Department of Clinical Neurosciences (M.G., A.G., M.D.H., J.M.O.), University of Calgary, Canada.
Department of Radiology (M.G., M.D.H.), University of Calgary, Canada.
Stroke. 2021 May;52(5):1929-1936. doi: 10.1161/STROKEAHA.120.033984. Epub 2021 Apr 8.
Infarct volume in acute ischemic stroke is closely linked with clinical outcome, with larger infarct volumes being associated with a worse prognosis. Small iatrogenic infarcts, which can occur as a result of surgical or endovascular procedures, are often only seen on diffusion-weighted MR imaging. They often do not lead to any overtly appreciable clinical deficits, hence the term covert or silent infarcts. There is relative paucity of data on the clinical impact of periprocedural hyperintense diffusion-weighted MR imaging lesions, partly because they commonly remain undiagnosed. Clearly, a better understanding of iatrogenic periprocedural diffusion-weighted MR imaging lesions and their clinical significance is needed. In this article, we describe the current limitations of our understanding of the significance of iatrogenic diffusion-weighted MR imaging lesions using exemplary data from the ENACT trial (Safety and Efficacy of NA-1 in Patients With Iatrogenic Stroke After Endovascular Aneurysm Repair) and outline a framework for how to investigate their clinical impact.

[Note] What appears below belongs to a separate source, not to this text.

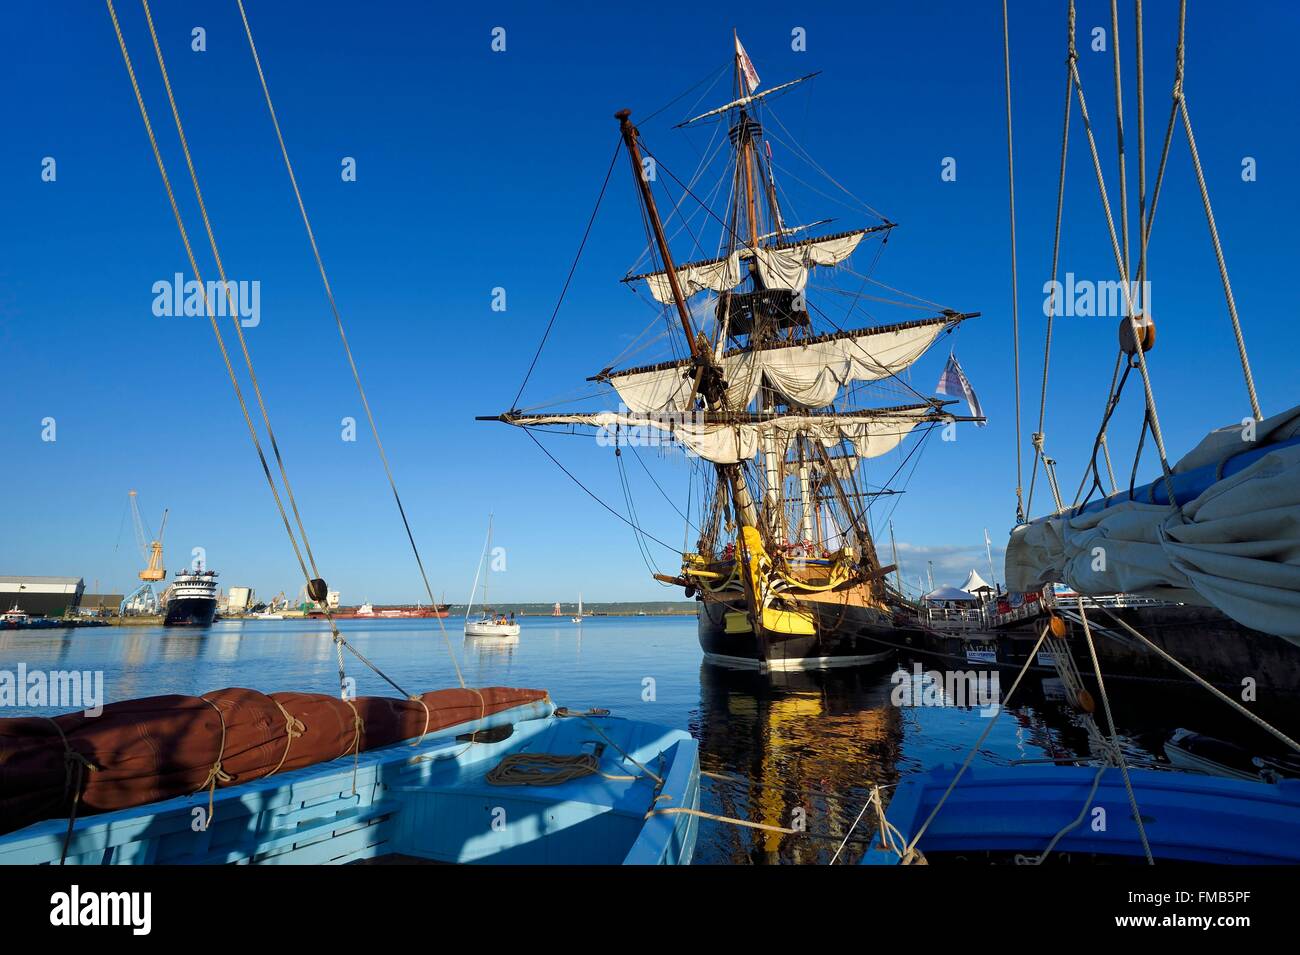 Francia, Finisterre, el puerto de Brest, l'Hermione, réplica de la fragata de tres mástiles que trajo el marqués de Lafayette a América Foto de stock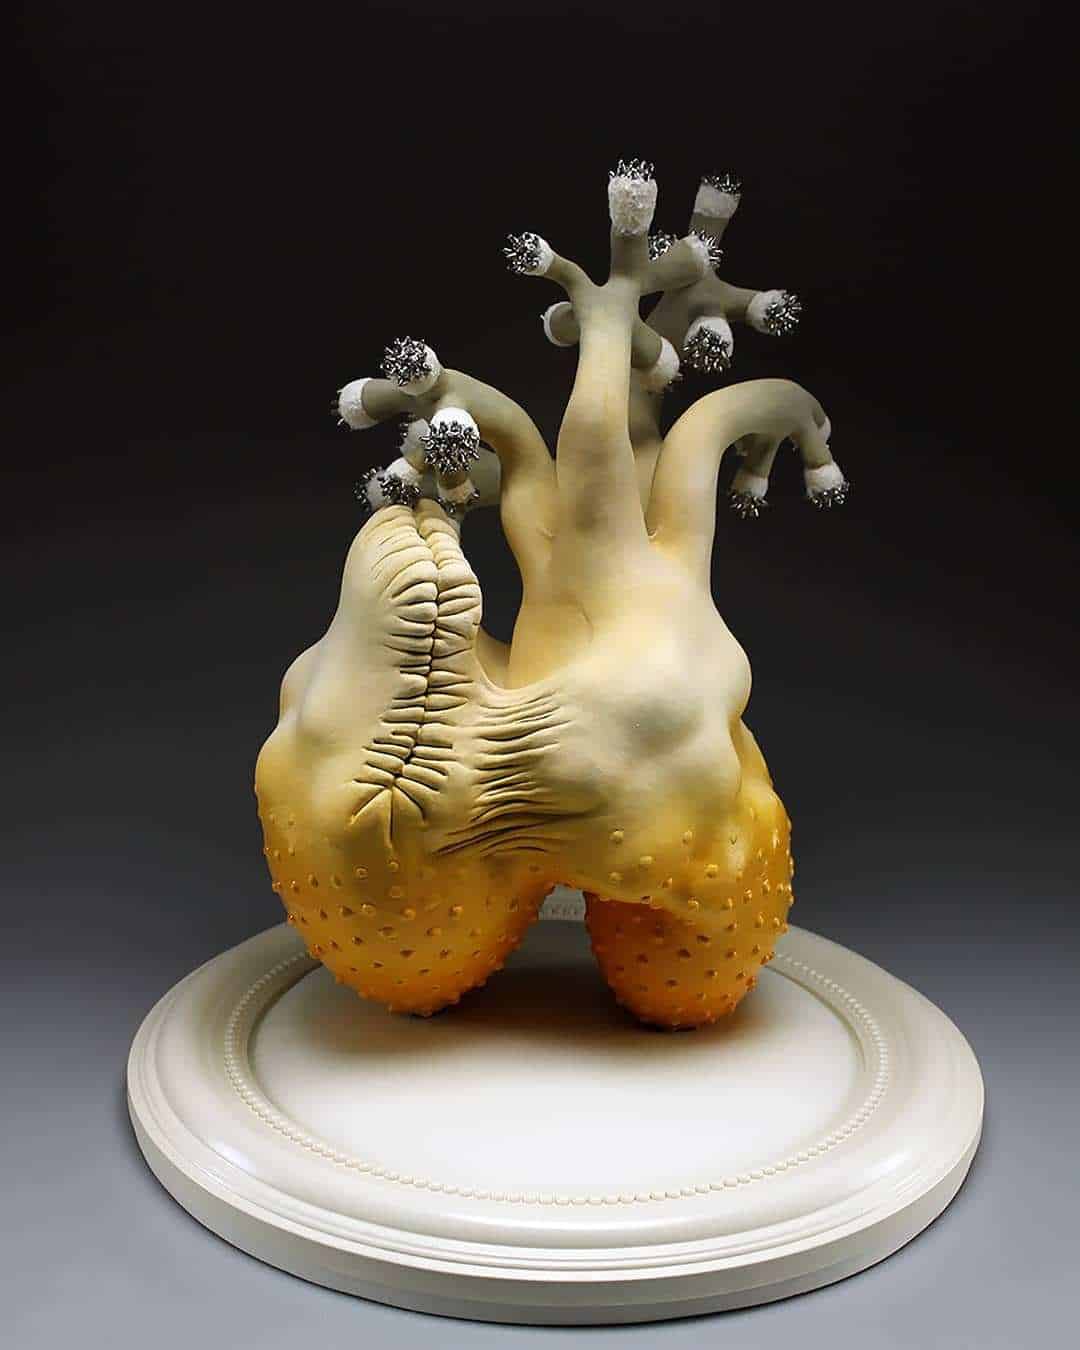 sara catapanos biomorphic ceramic sculptures 9

在急性缺血性脑卒中患者中,梗死体积与临床预后密切相关,梗死体积越大,预后越差。小的医源性梗死,可能是由于手术或血管内治疗引起的,通常只能在弥散加权磁共振成像上看到。它们通常不会导致明显的临床缺损,因此称为隐匿性或无症状性梗死。关于围手术期高信号弥散加权磁共振成像病变的临床影响的数据相对较少,部分原因是这些病变通常未被诊断。显然,需要更好地了解医源性围手术期弥散加权磁共振成像病变及其临床意义。在本文中,我们使用来自 ENACT 试验(NA-1 在血管内动脉瘤修复术后医源性卒中患者中的安全性和疗效)的示例数据,描述了我们对医源性弥散加权磁共振成像病变意义的理解的局限性,并概述了如何研究其临床影响的框架。